MMN.co, Aceh Timur – PT Atakana Company yang bergerak di bidang perkebunan kelapa sawit melaporkan kasus dugaan pencurian buah sawit dan pengerusakan ke Polres Aceh Timur dan Mapolda Aceh.
Melalui kuasa hukum, Romy A Tampubolon, mengatakan kasus ini berawal dari surat perjanjian peminjaman uang sebesar Rp15,6 miliar pada Juni 2015 antara Direktur Utama (Dirut) Muhammad Aka dengan Panusunan Siregar yang dikembalikan pada 2017.
Kemudian, pada 23 Desember 2015 berdasarkan perjanjian dibawah tangan antara Muhammad Aka dan Panusunan di poin 4 dicurigai apakah benar ada peminjaman uang Rp15,6 miliar itu karena diduga tidak bisa dibuktikan maupun difaktakan.
“Setahun berikutnya di 2016 dibuat perjanjian surat kesepakatan bersama pembangian saham dan sebagainya. Puncaknya pada 2018 dibuat lagi perjanjian kerjasama operasional pengelolaan kebun di PT Atakana Company dimana pihak pertama Muhammad Aka dan pihak kedua Panusunan Siregar,” katanya saat menggelar keterangan pers, Jumat (10/5/2024).

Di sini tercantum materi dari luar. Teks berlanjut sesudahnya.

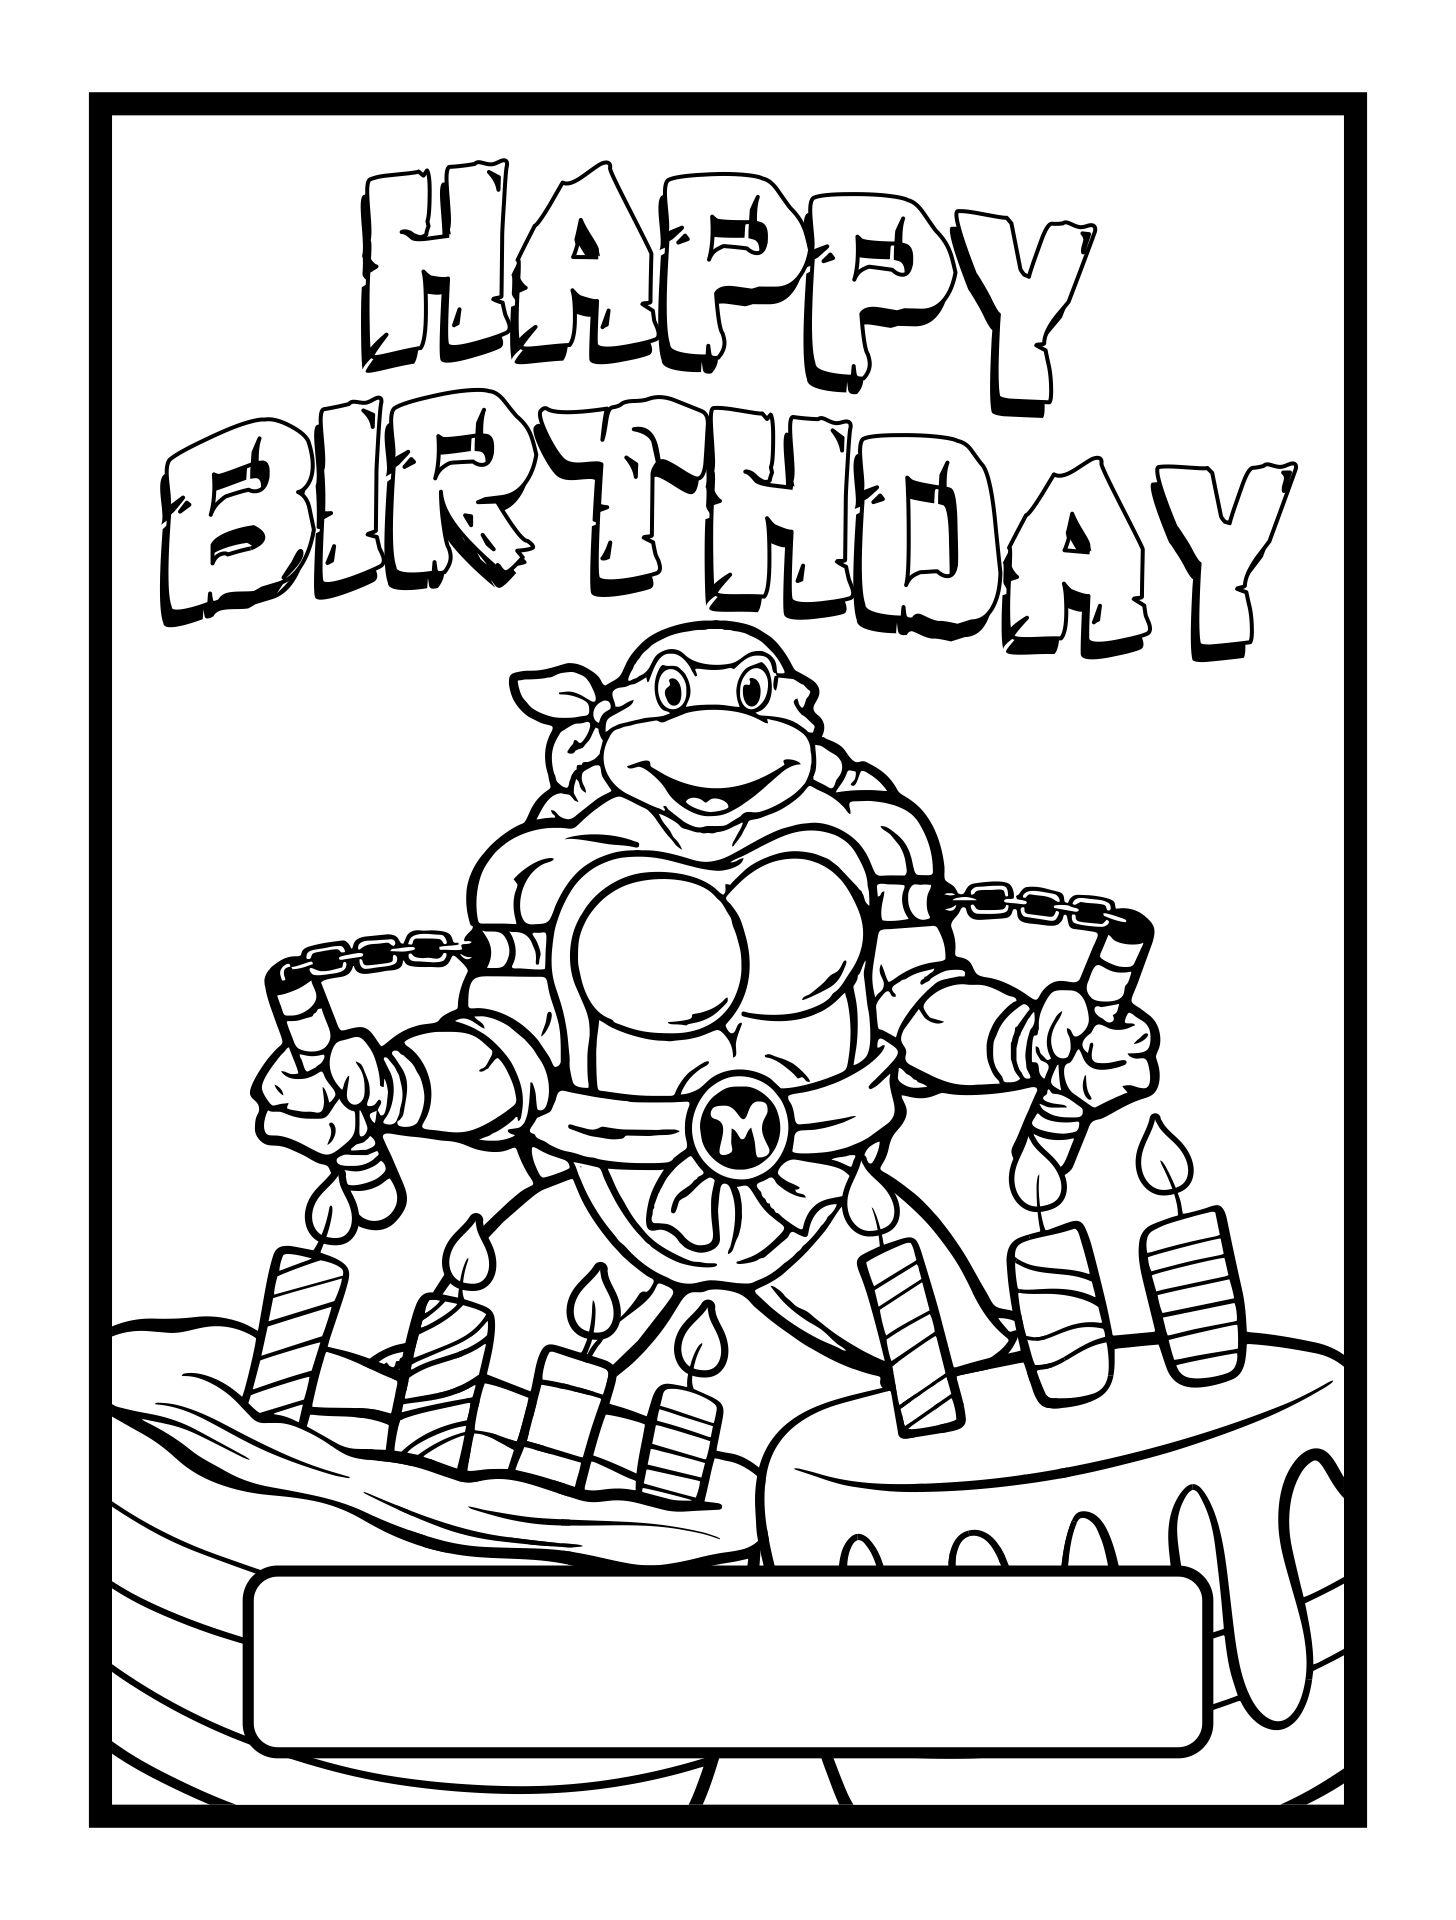 Printable Michaelangelo Birthday Greeting Card Ninja Turtles

Berjalannya waktu, Romy menerangkan pada Juni 2021 pihak kedua Panusunan Siregar melakukan pengelolaan kebun sawit PT Atakana Company tetapi dalam pengelolaan diduga terjadi penipuan dan penggelapan.
“Dugaan diketahui setelah Muhammad Aka melakukan audit di salah satu Pabrik Kelapa Sawit (PKS) SMJ. Dimana pihak PKS saat dikonfirmasi menyebutkan harga Tanda Buah Sawit (TBS) Rp 2.200-2.300 per kilonya. Namun rekening pembayar dibelah dua oleh Panusunan sebesar Rp1.500 -1.600 yang dikirimkan ke rekening PT Atakana Company dan sisa diduga masuk ke rekening pribadi,” terangnya.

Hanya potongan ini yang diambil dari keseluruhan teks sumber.